RESEARCH & DEVELOPMENT

Fruits could help make ‘green’ cars!
Washington: Scientists have developed a new way to use fibres from bananas, pineapples and other fruits to make a new generation of green vehicles. Nano-cellulose material from bananas, pineapples and other fruit can be used to make strong, light-weight, and more sustainable motor vehicle parts, the researchers found. “The properties of these plastics are incredible”, said study lead author Alcides Leao, Sao Paulo State University College of Agriculture Sciences, Sao Paulo, Brazil. “They are light, but very strong – 30% lighter and 3 to 4 times stronger than the materials used today. We believe that lot of car parts including dashboards, bumpers, side panels, will be made of nano-sized fruit fibres in the future. “For one thing, they will help reduce the weight of the cars and that will improve fuel economy. They also will help us make more sturdy vehicles”, Leao added.

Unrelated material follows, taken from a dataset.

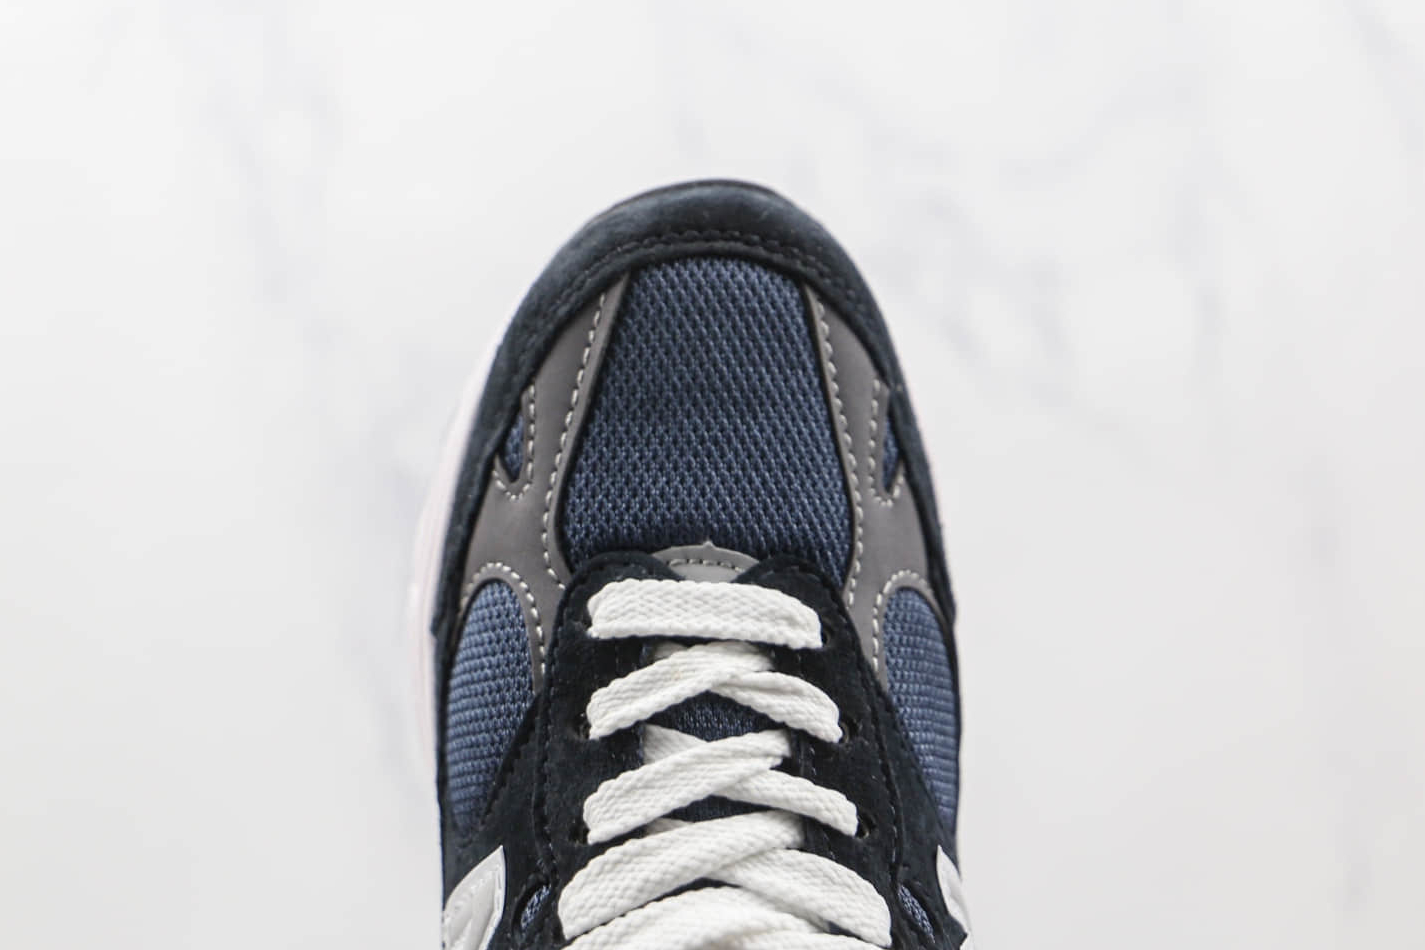 New Balance 993 'Navy White' MR993NV - Premium Athletic Shoes & Cushioned Support

Researchers find possible drug target for PTSD
Chicago: People with post-traumatic stress disorder appear to have lower levels of a specific kind of brain chemical known as serotonin IB, and targeting this with drugs could lead to the first treatments specifically targeting the disorder, researchers said. Currently, doctors use antidepressants and anti-anxiety drugs to treat PTSD, but these are largely ineffective and were never specifically developed to treat the disorder, in which trauma victims suffer from recurrent memories of trauma, intense guilt or worry, angry outbursts and bad dreams.

Cancer drug from cells’ communication
Washington: Cells chat with one another, ‘discussing’ what kind they will become – a neuron or a hair, bone or muscle. This breakthrough opens the way to develop cancer drugs that target these transactions and halt production of cancer cells. Because cells continuously multiply, it’s easy to imagine a cacophony of communication. But David Sprinzak, Tel Aviv University molecular biologist at the George Wise Faculty of Life Sciences, suggests cells know when to chat and when to shut up and let other cells carry on. Sprinzak, working with California Institute of Technology (Caltech) researchers, has uncovered the mechanism that allows cells to switch from sender to receiver mode or vice versa, the journal ‘Public Library of Science Computational Biology’ reports IANS.

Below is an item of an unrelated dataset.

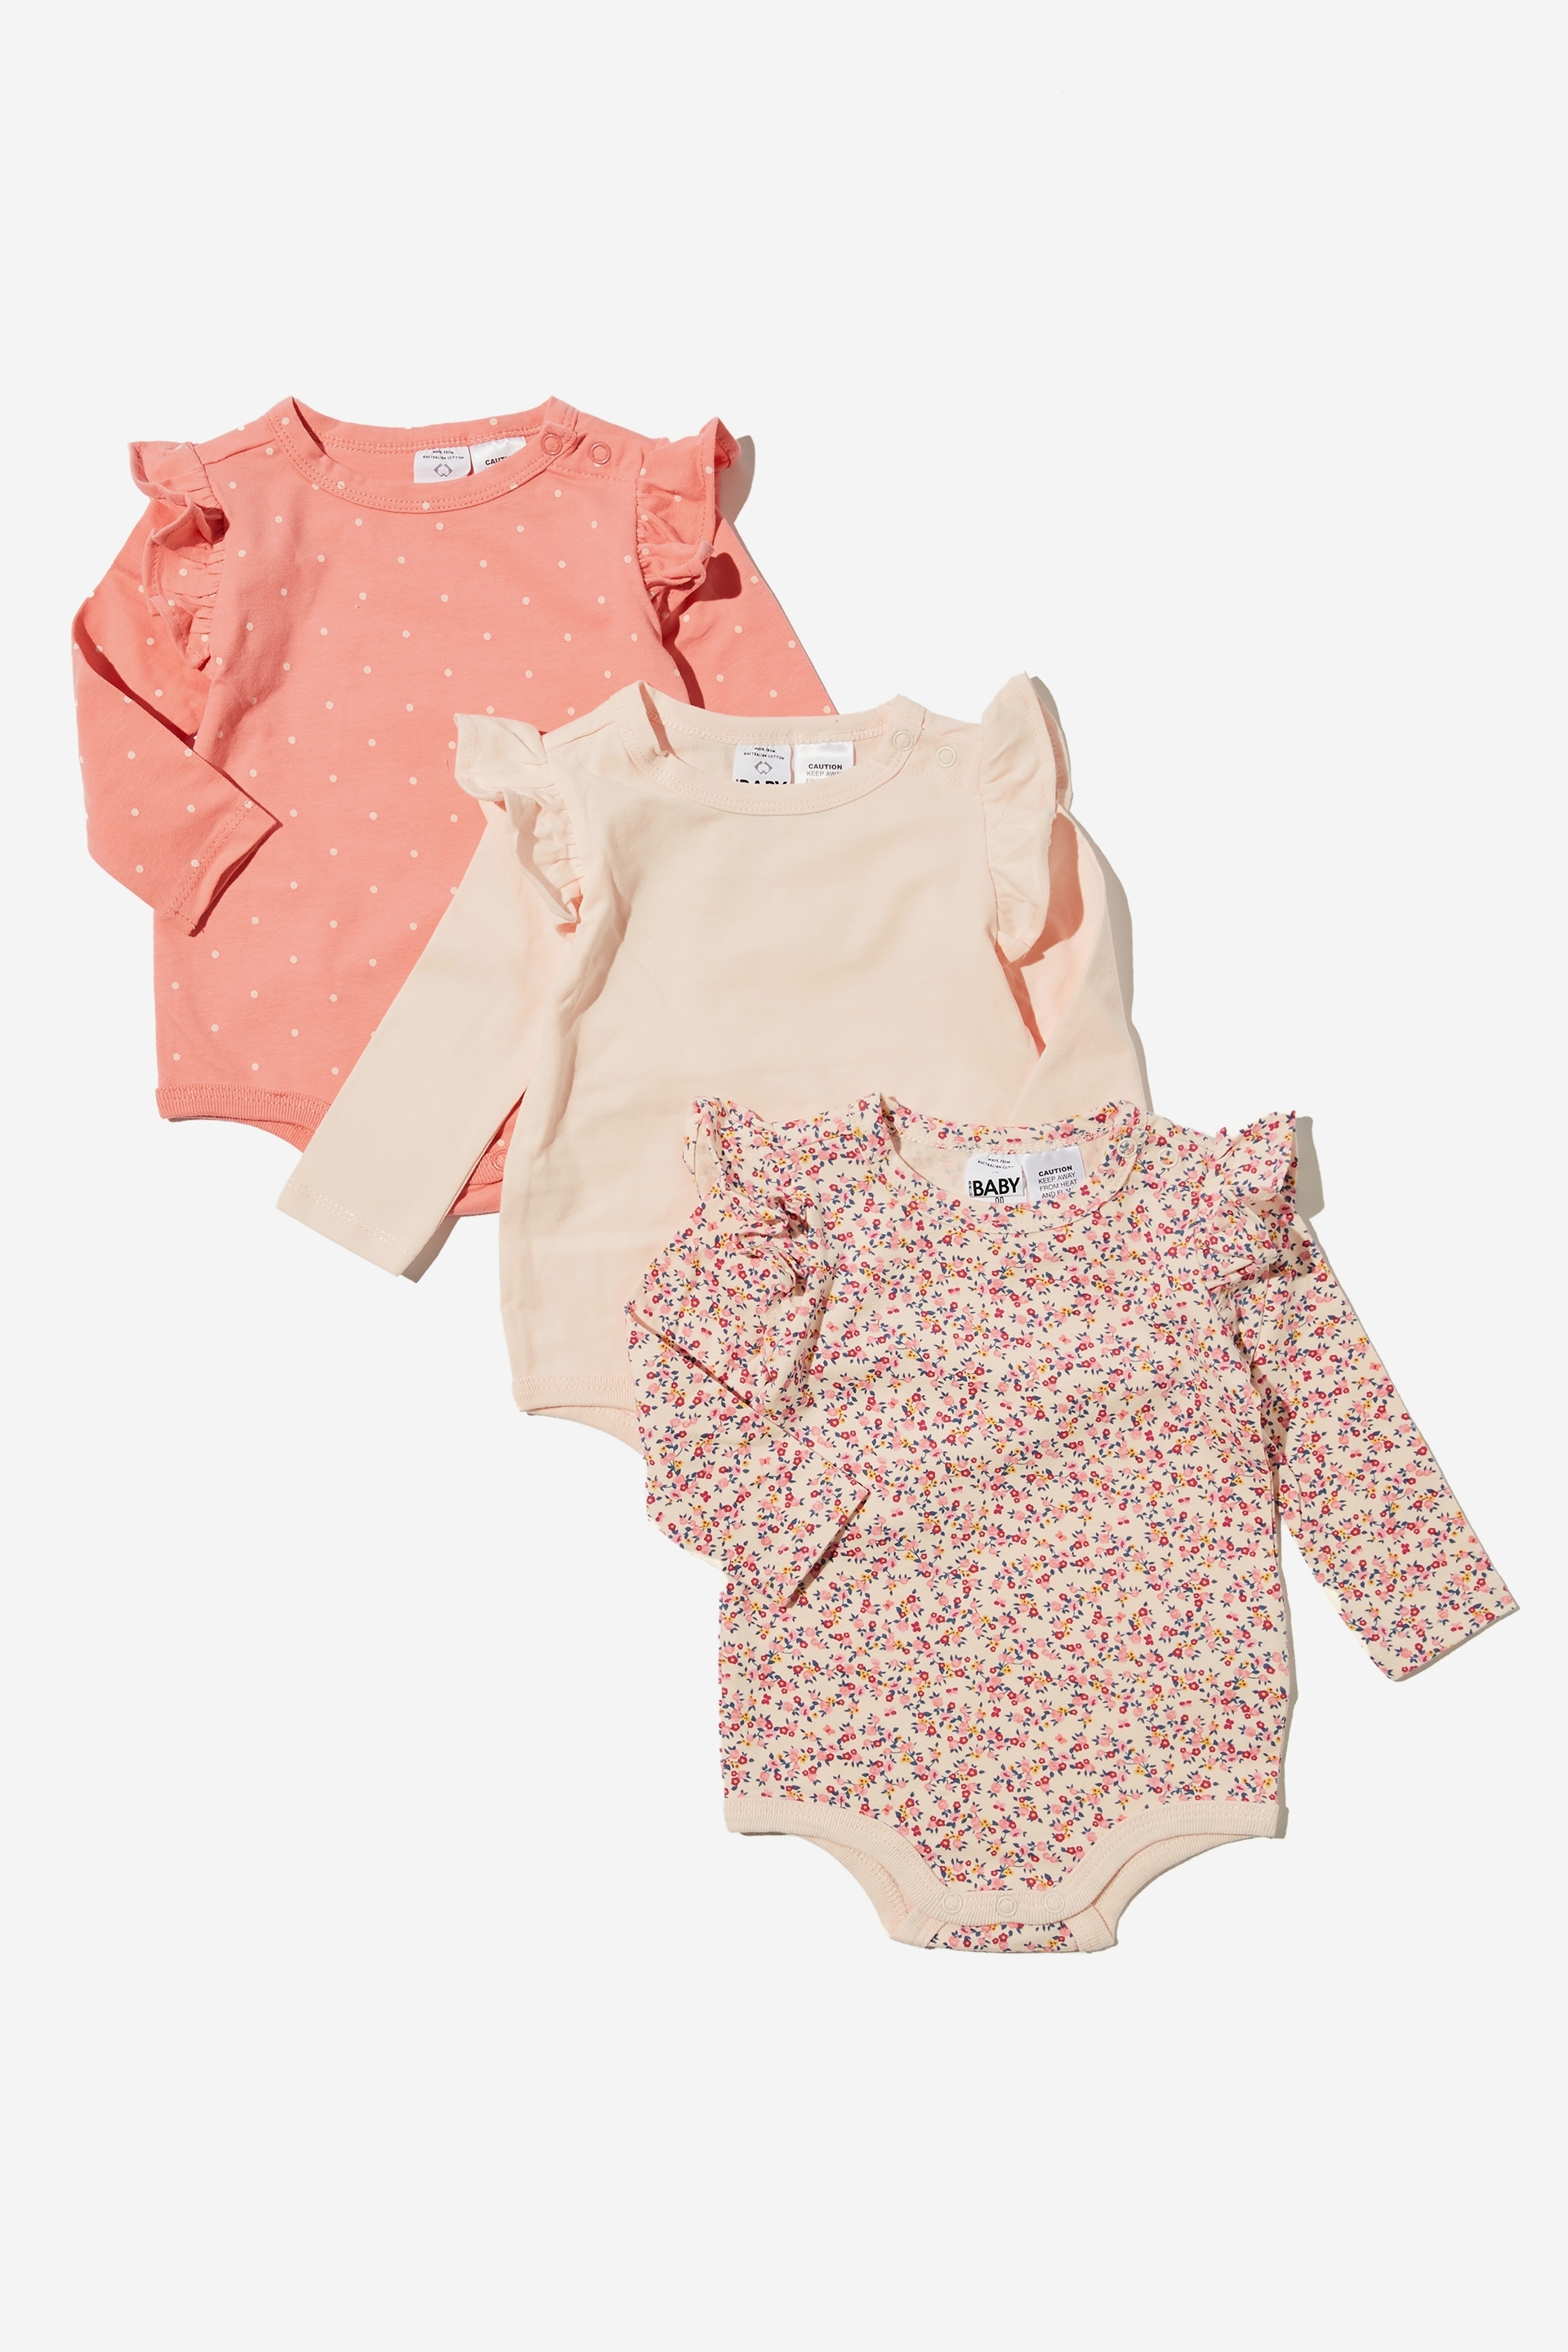 Cotton On Kids - 3 Pack Long Sleeve Ruffle Bubbysuits - Somerset floral/betty spot/crystal pink

Regeneration of Zebrafish holds hope for deafness
Washington: Loud noise is known to irreversibly damage hair cells within the inner ear of mammals and cause deafness, but the ability of Zebrafish to regrow these cells holds hope, new research says. Researchers from Western Kentucky University and University of Louisville worked together to see which genes were switched on or off after outside acoustic trauma, according to the BMC journal ‘Neuroscience’.